Store owner purchases ‘Nazi Trump’ billboard, then plays victim when her business tanks

The #RESIST wing of the left needs to reassess its priorities. It seems modern-day liberals care more about political posturing and echo-chamber activism than they do about meeting their basic needs–like making money.

Unfortunately, human beings subsist on food and water–not protesting. But try telling that to Democrats. Attention-seeking NFL players and their enablers in the league remain unrelenting in their need to “make a statement”–even while ratings plummet.

Then you have Puerto Rican Mayor Carmen Yulin Cruz of San Juan, who would rather go on TV to show off freshly-made anti-Trump T-shirts than actually help her “dying” city by attending FEMA meetings.

But the cake goes to Nicholle Haber, a store owner in a conservative California town (one of the few left standing) who somehow didn’t stop to think she’d lose customers by advertising her business with this billboard.

Yes, that’s a picture of Trump dressed as a Nazi, complete with a “45” swastika and nuclear explosions in the background.

Haber, the owner of Rouse & Revolt clothing story in right-leaning Chico, CA, purchased the ad space from Stott Outdoor Advertising, as reported by Newsweek.

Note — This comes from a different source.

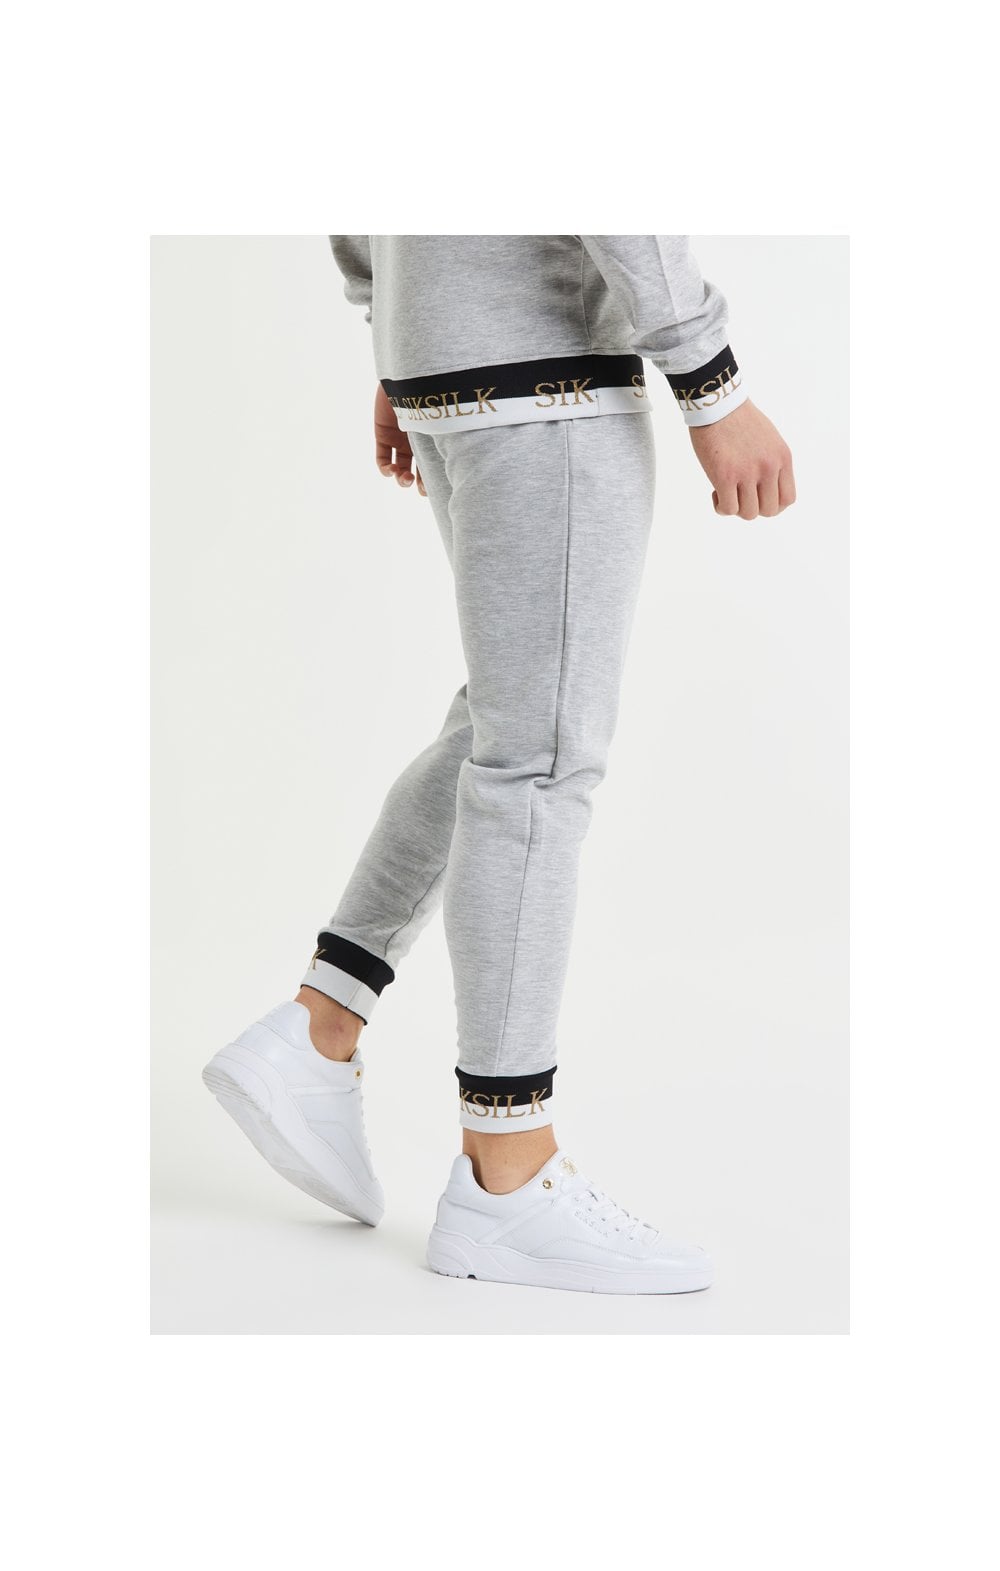 SikSilk Deluxe Fitted Jogger - Grey Marl (1)
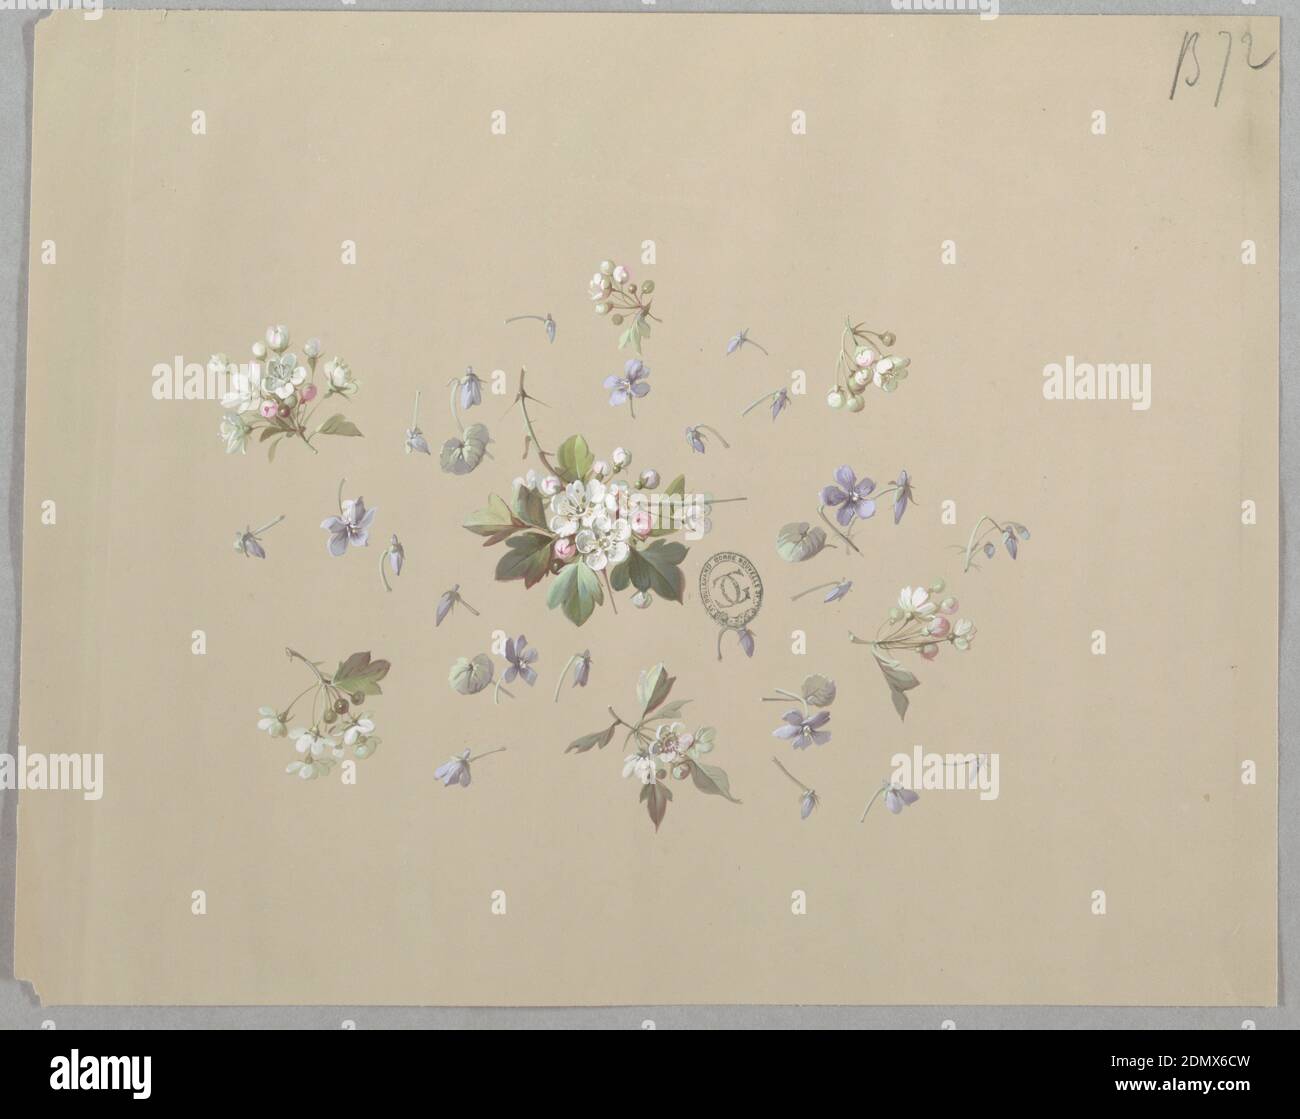 Design for Wallpaper and Textiles: Flowers, Brush and gouache on cream paper, Cluster of white flowers and foliage at center of page surrounded by single flowers in a light purple gray shade. Surrounding this, six smaller clusters of white flowers and foliage, forming a horizontal oval shape., France, 19th century, wallpaper designs, Drawing Stock Photo

But the ad was up less than 24 hours before Stott found themselves forced to take the ad down amid an explosion of backlash.

Jim Moravec, Stott Outdoor Advertising’s General Manager, was repentant. “I should have not accepted the ad in the first place.” He said the ad was ambiguous about what message it was trying to convey.

This isn’t the first time Rouse & Revolt has gotten political. During the 2016 election, they made sure to let people know Hillary had their endorsement.

Haber was incensed that they pulled her ad. “I don’t necessarily think that just because I’m a business doesn’t mean I can’t mix my beliefs,” she said.” “That’s a common misconception that you can’t mix politics and business. … I have a platform and I’m going to use it.”

The clothing store owner isn’t afraid to state how she feels about President Trump. “He is not presidential, he is not a president. He is a celebrity who was born into money. And he’s a Nazi sympathizer. I am going to stand behind my beliefs regardless.”

Haber strangely says Trump isn’t President and accuses him of being a Nazi sympathizer. Someone might want to show her these pictures.

“I’m living in a small, podunk red town and I’m already getting death threats,” bemoaned Haber. But what hit hardest: her business is taking a nosedive. “My business has completely floundered. Overnight I had more one-star reviews than all the reviews I’ve received in a year.”

Nevertheless, Haber remains committed to her cause and is in talks with lawyers to take action against Stott Outdoor Advertising for removing her ad, according to the San Francisco Chronicle.

“Nowhere in my contract did it say they have the right to refuse. The fact that they put it up and then took it down is ridiculous. Like, ‘Oops, we didn’t notice that was Trump Hitler.'”

What Heber doesn’t understand is that the advertising firm made a pragmatic choice: forsaking politics in order to keep their business afloat. Maybe if Heber and other career-activists did the same, they’d make more money, be more successful, and therefore have nothing to protest.